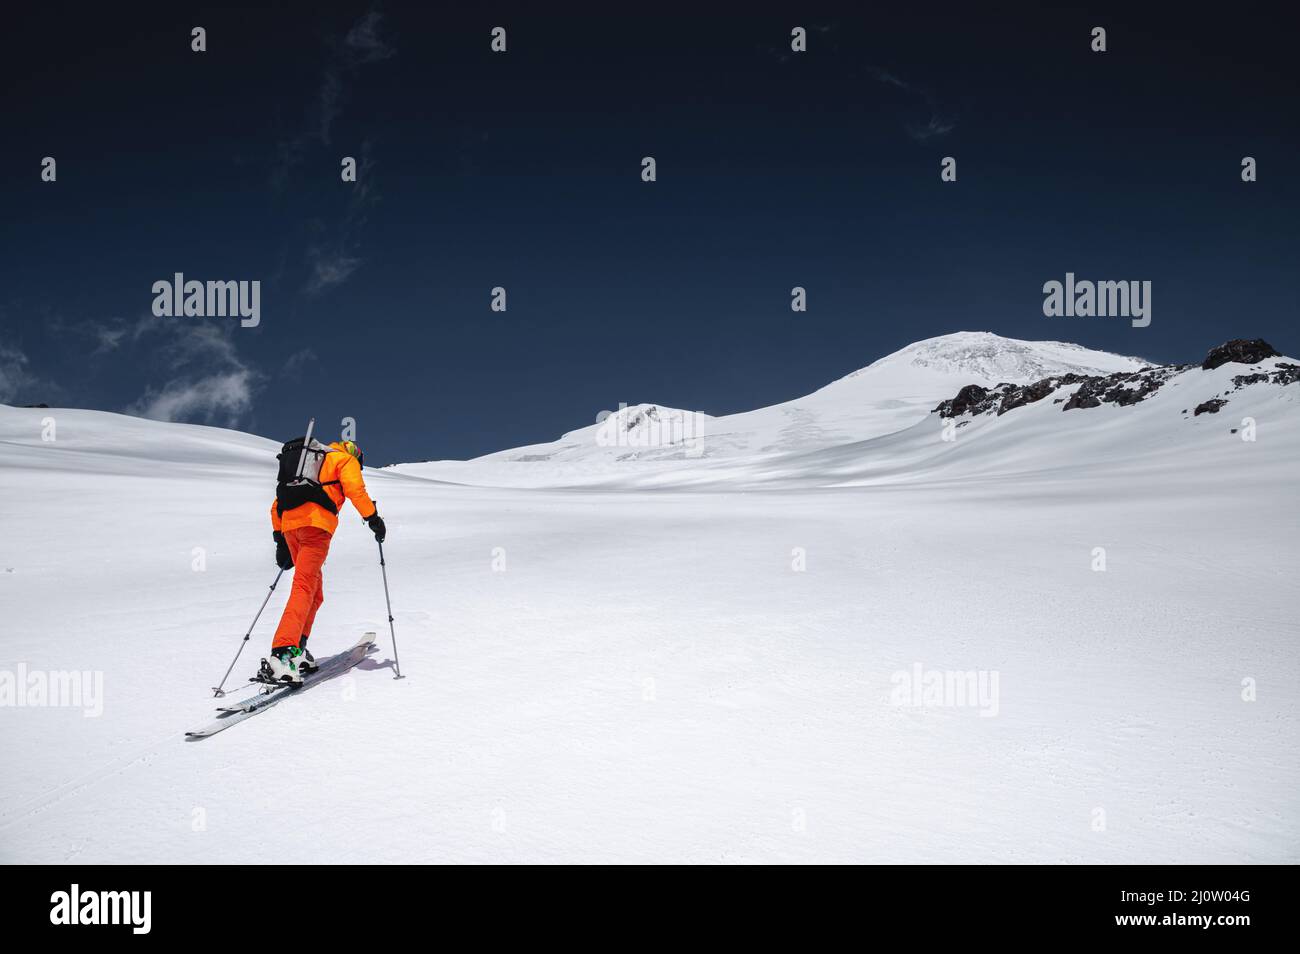 Ein Skifahrer in einem orangefarbenen Anzug Ski in einem Berg abseits der Piste Skifahren im nördlichen kaukasus des Mount Elbrus Stockfoto
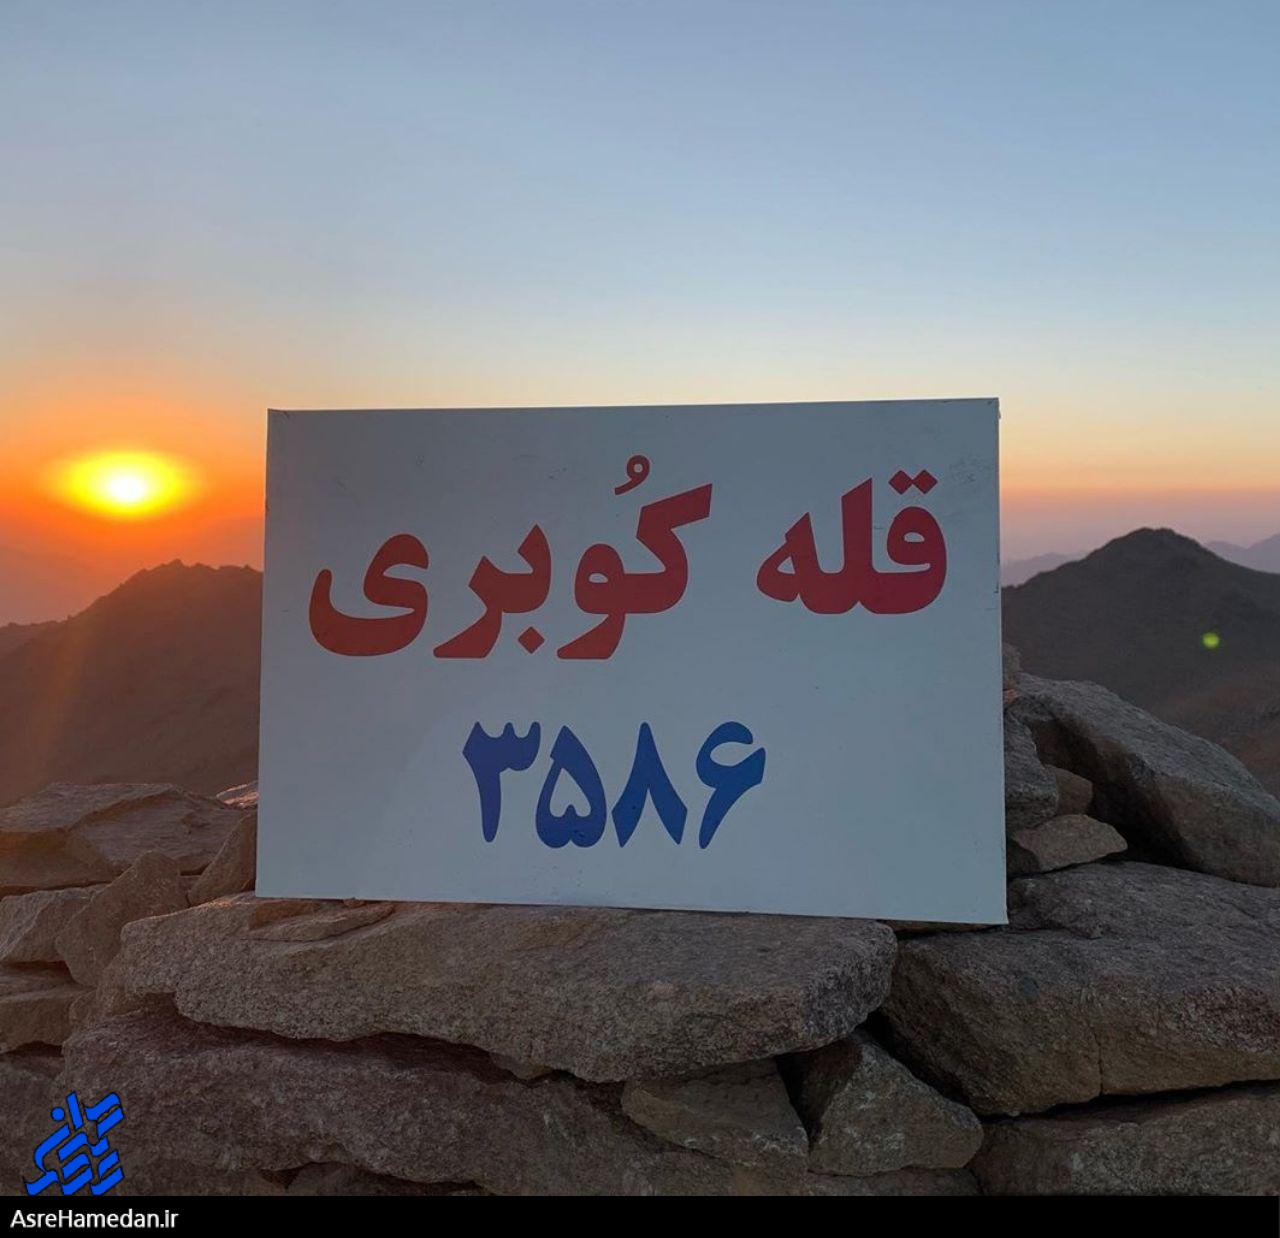 کوبُره در تویسرکان به عنوان بام جدید استان همدان ثبت شد
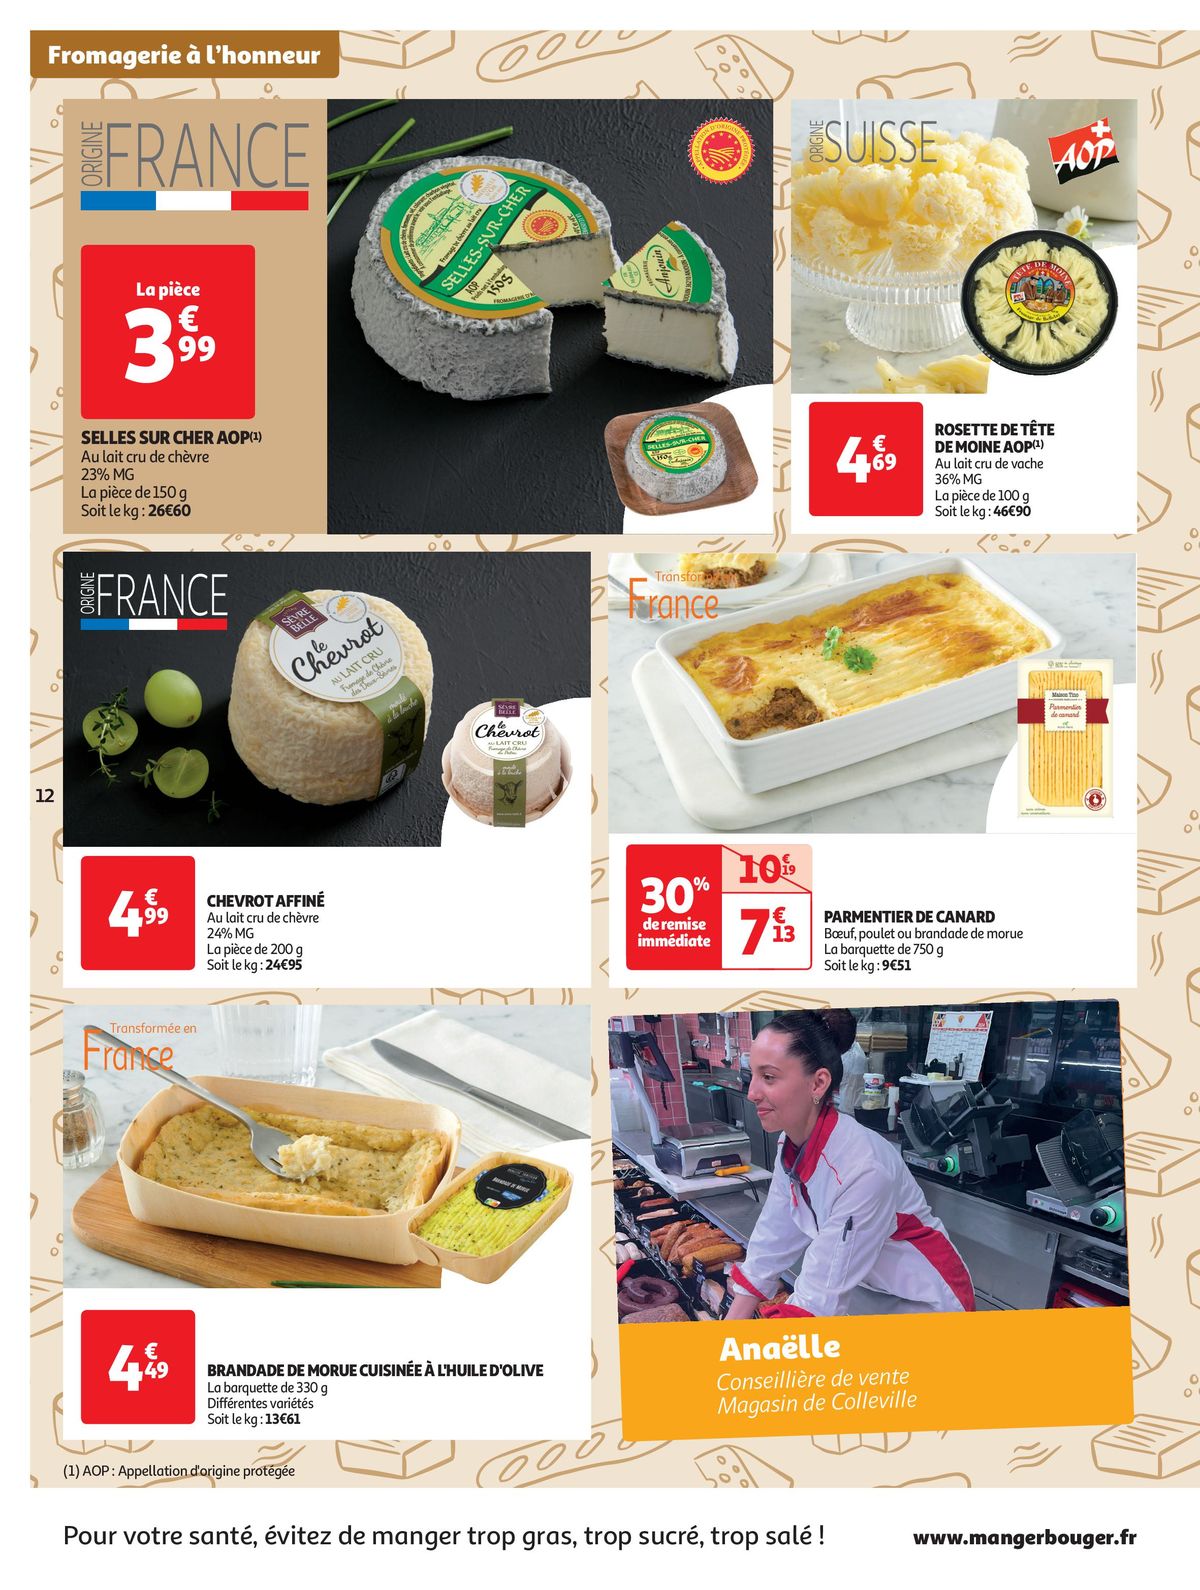 Catalogue Les Halles d'Auchan dans votre Super, page 00012

■ ■ ■ ■ ■

> Problem requirements: Line by line, reproduce exactly the lines from the one containing "کوبُره در تویسرکان" through the final line of the material, both included, leaving every picture out.

> Written answer:
 کوبُره در تویسرکان به عنوان بام جدید استان همدان ثبت شد
 Catalogue Les Halles d'Auchan dans votre Super, page 00012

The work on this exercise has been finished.